Pitched about 15g of rehydrated dry yeast into unaerated wort. Set fermentation temperature for 73 degrees knowing that with ambient temperature at 65 degrees, it'll mosey on up to 75 degrees and likely above with the fermentation activity.

I get to brew it again tomorrow.

UPDATE: the fermentation is going crazy and the internal temperature is at 79F. Part of me is wishing that I would have made room in my fermentation chamber to control the temp more and part of me is looking forward to tasting what the enhanced fermentation temperature is going to produce! I'll update with taste results.

Update 2: tested the gravity on 7-31 and was blown away. It's just about fermented out after only two days - 1.015. The banana flavor is very, very prominent. If it's any telling, I won't be disappointed with WB-06 fermenting at ~80F.

Update 3: My mom says this is the best the House Hefeweizen's been, so the WB-06 isn't a bust for sure.
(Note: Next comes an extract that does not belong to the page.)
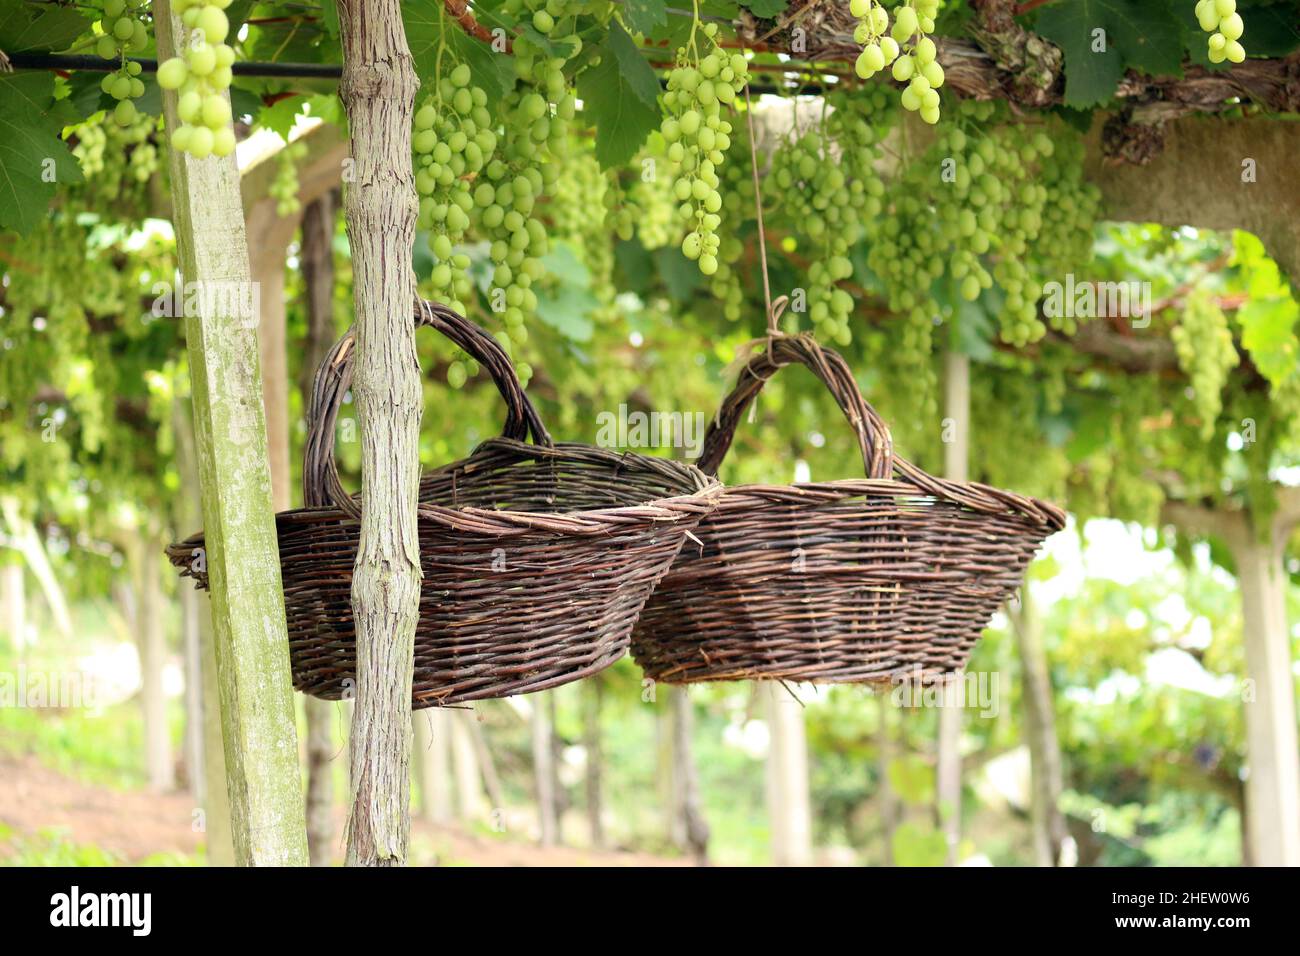 Sul retro di un immenso vigneto, tra i grandi grappoli di uva verde, sono appesi due cesti fatti a mano, prodotti con vimini. Foto Stock

It's definitely got more flavor than 3068 fermented at 62 degrees.


BeerSmith 2 Recipe Printout - http://www.beersmith.com
Recipe: House Hefeweizen (1.3)
Brewer: Adam Keck
Asst Brewer:
Style: Weizen/Weissbier (Wheat Beer)
TYPE: All Grain
Taste: (30.0)

Recipe Specifications
--------------------------
Boil Size: 12.70 gal
Post Boil Volume: 11.70 gal
Batch Size (fermenter): 11.00 gal
Bottling Volume: 10.75 gal
Estimated OG: 1.050 SG
Estimated Color: 3.6 SRM
Estimated IBU: 10.8 IBUs
Brewhouse Efficiency: 72.00 %
Est Mash Efficiency: 73.6 %
Boil Time: 60 Minutes

Ingredients:
------------
Amt                   Name                                     Type          #        %/IBU      
1 lbs                 Rice Hulls (0.0 SRM)                     Adjunct       1        4.8 %      
9 lbs                 Wheat Malt, Ger (2.0 SRM)                Grain         2        42.9 %      
8 lbs                 Pilsner (2 Row) Ger (2.0 SRM)            Grain         3        38.1 %      
2 lbs                 White Wheat Malt (2.4 SRM)               Grain         4        9.5 %      
1 lbs                 Cara-Pils/Dextrine (2.0 SRM)             Grain         5        4.8 %      
0.50 oz               Hallertauer [4.80 %] - Boil 60.0 min     Hop           6        4.3 IBUs    
1.00 oz               Hallertauer [4.80 %] - Boil 30.0 min     Hop           7        6.6 IBUs    
4.00 tsp              Yeast Nutrient (Boil 15.0 mins)          Other         8        -          
0.50 oz               Hallertauer [4.80 %] - Boil 0.0 min      Hop           9        0.0 IBUs    
2.0 pkg               Safbrew Wheat (DCL/Fermentis #WB-06) [50 Yeast         10       -          


Mash Schedule: Decoction Mash, Single -> Braukeiser
Total Grain Weight: 21 lbs
----------------------------
Name              Description                             Step Temperat Step Time  
Protein Rest      Add 27.20 qt of water at 138.2 F        130.0 F       35 min      
Infuse to Sacchar Add 16.80 qt of water at 198.3 F        154.0 F       45 min      
Decoction to Mash Decoct 12.20 qt of mash and boil it     168.0 F       15 min      

1 comment:

Sarah said...

All of your work (and lack of sleep) will be worth it when everyone is enjoying your beer and some freshly grilled brats at the party!